■ The task
Write back every line of the listing exactly, excluding images.

■ Data

-.-.-

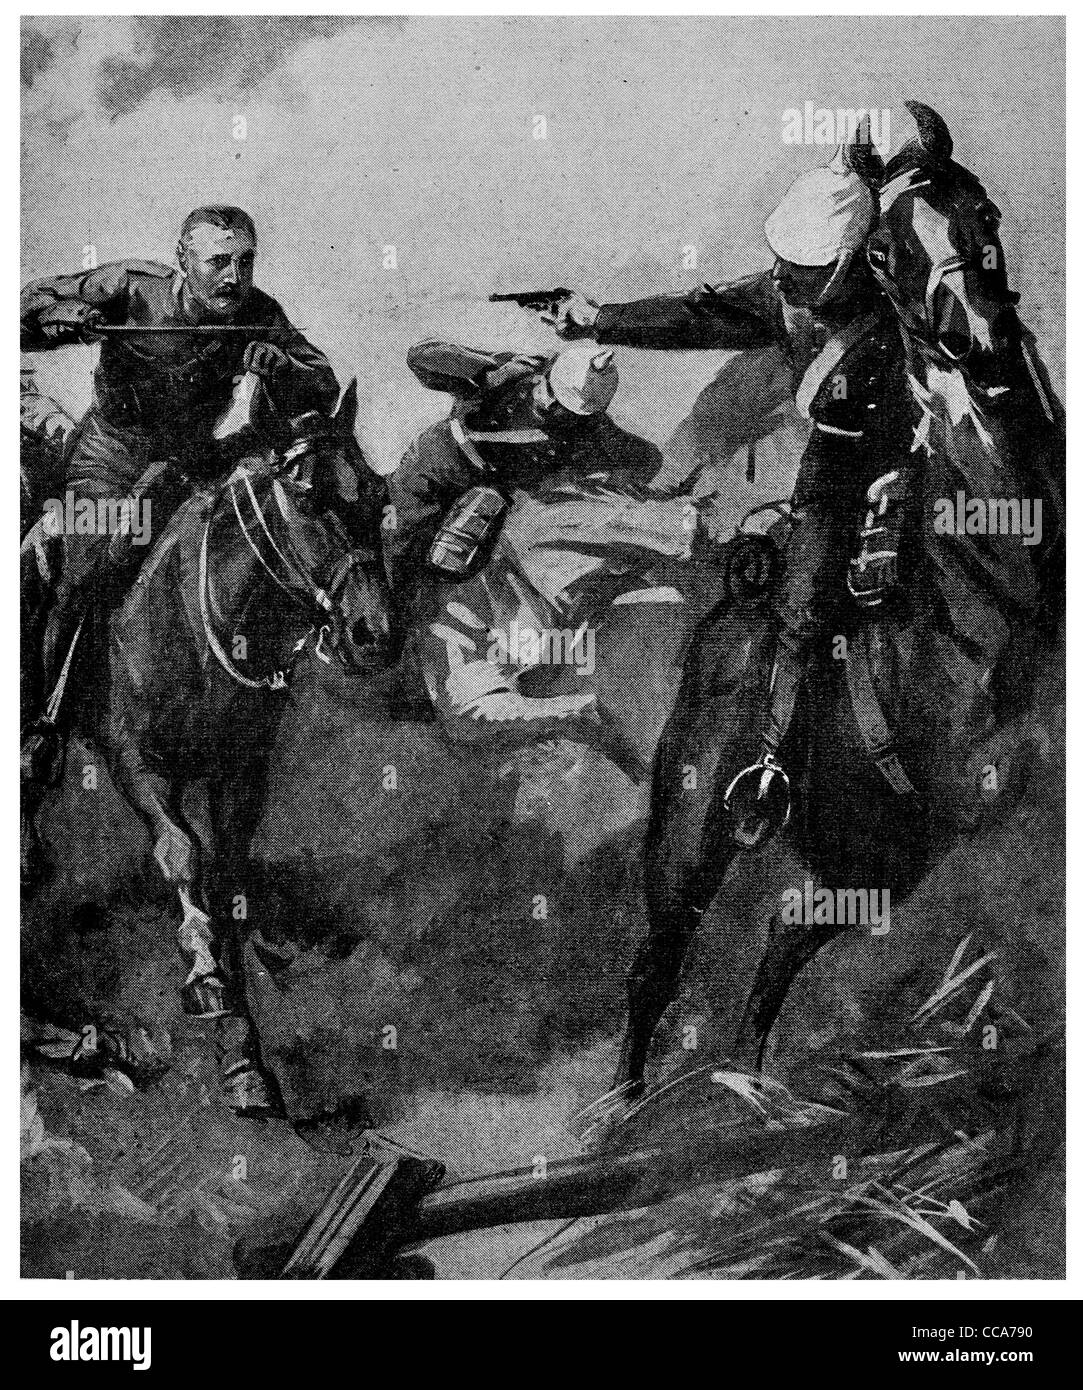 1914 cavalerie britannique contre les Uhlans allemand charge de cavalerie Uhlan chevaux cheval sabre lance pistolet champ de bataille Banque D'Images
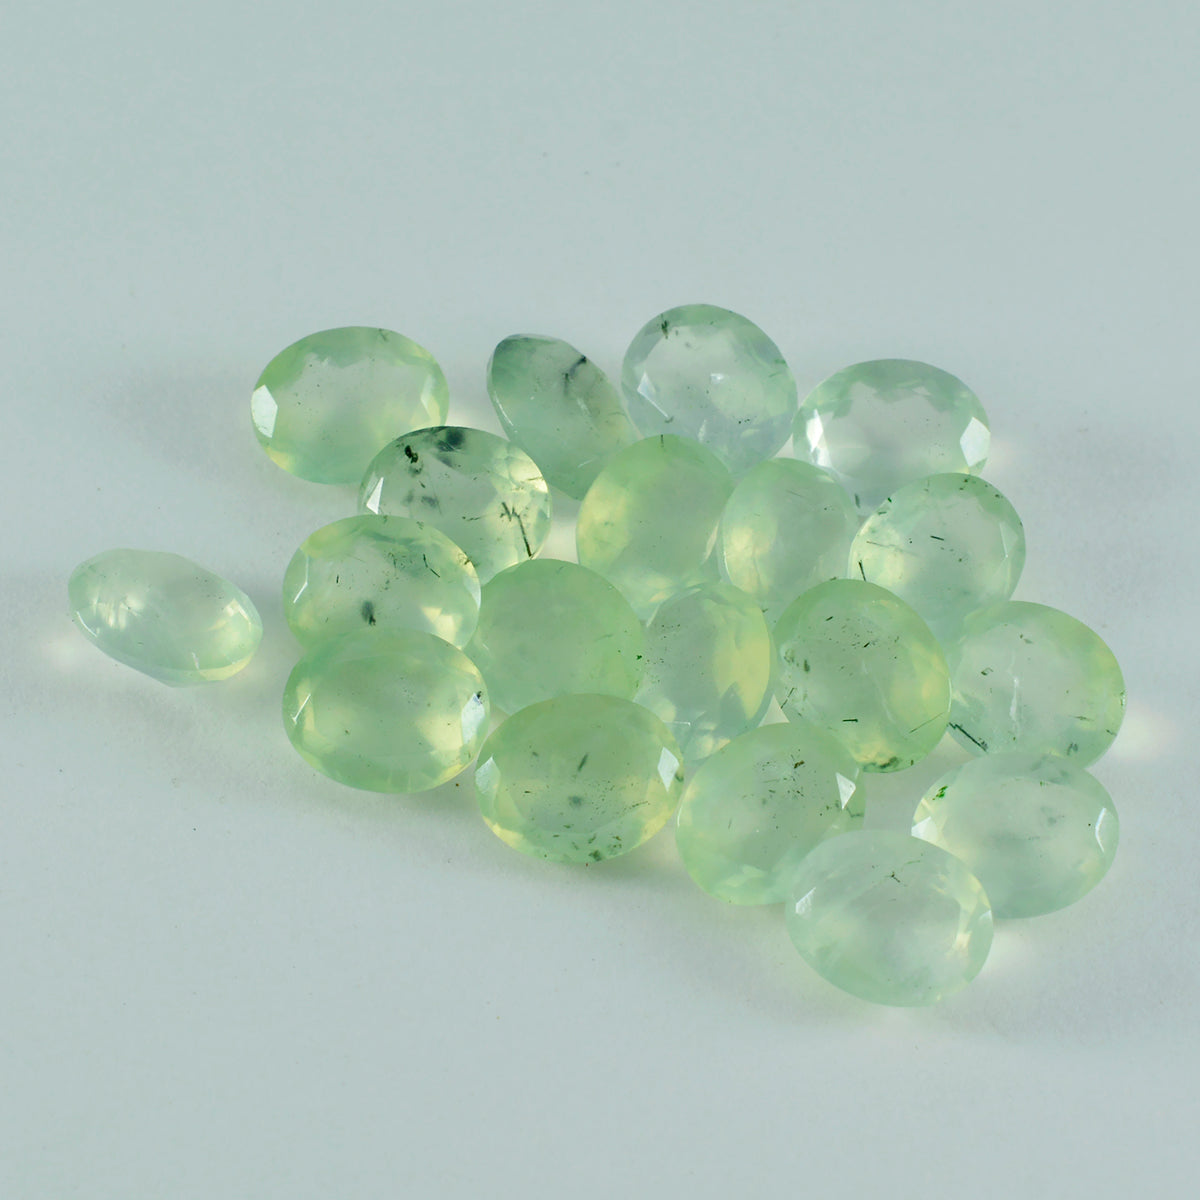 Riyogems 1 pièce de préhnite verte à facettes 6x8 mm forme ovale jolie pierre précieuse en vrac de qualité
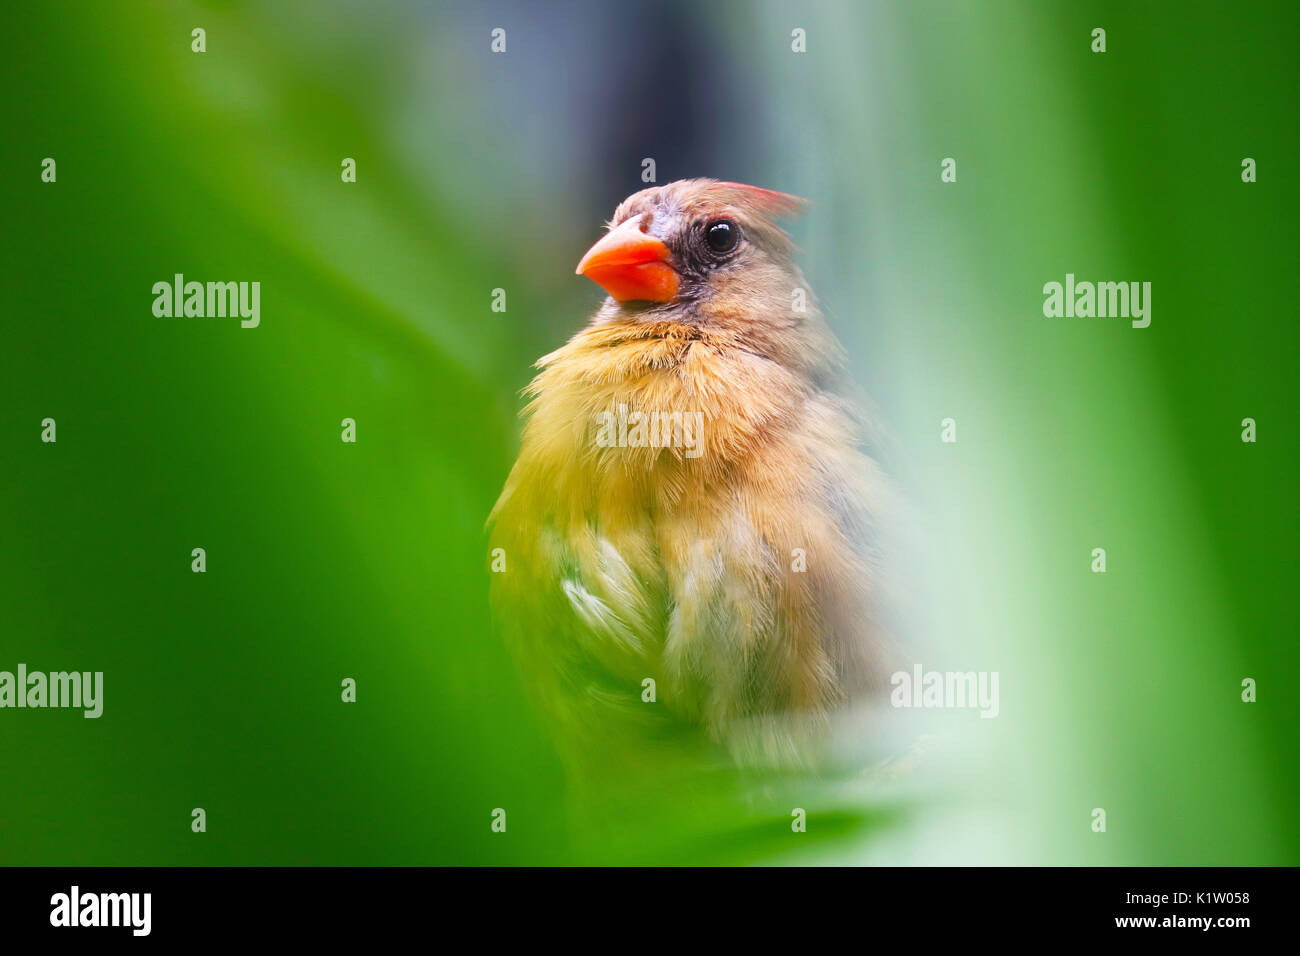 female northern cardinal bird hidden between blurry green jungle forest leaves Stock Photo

-.-.-

■ Expected answer
 1914 cavalerie britannique contre les Uhlans allemand charge de cavalerie Uhlan chevaux cheval sabre lance pistolet champ de bataille Banque D'Images
 Riyogems 1 pièce de préhnite verte à facettes 6x8 mm forme ovale jolie pierre précieuse en vrac de qualité
 female northern cardinal bird hidden between blurry green jungle forest leaves Stock Photo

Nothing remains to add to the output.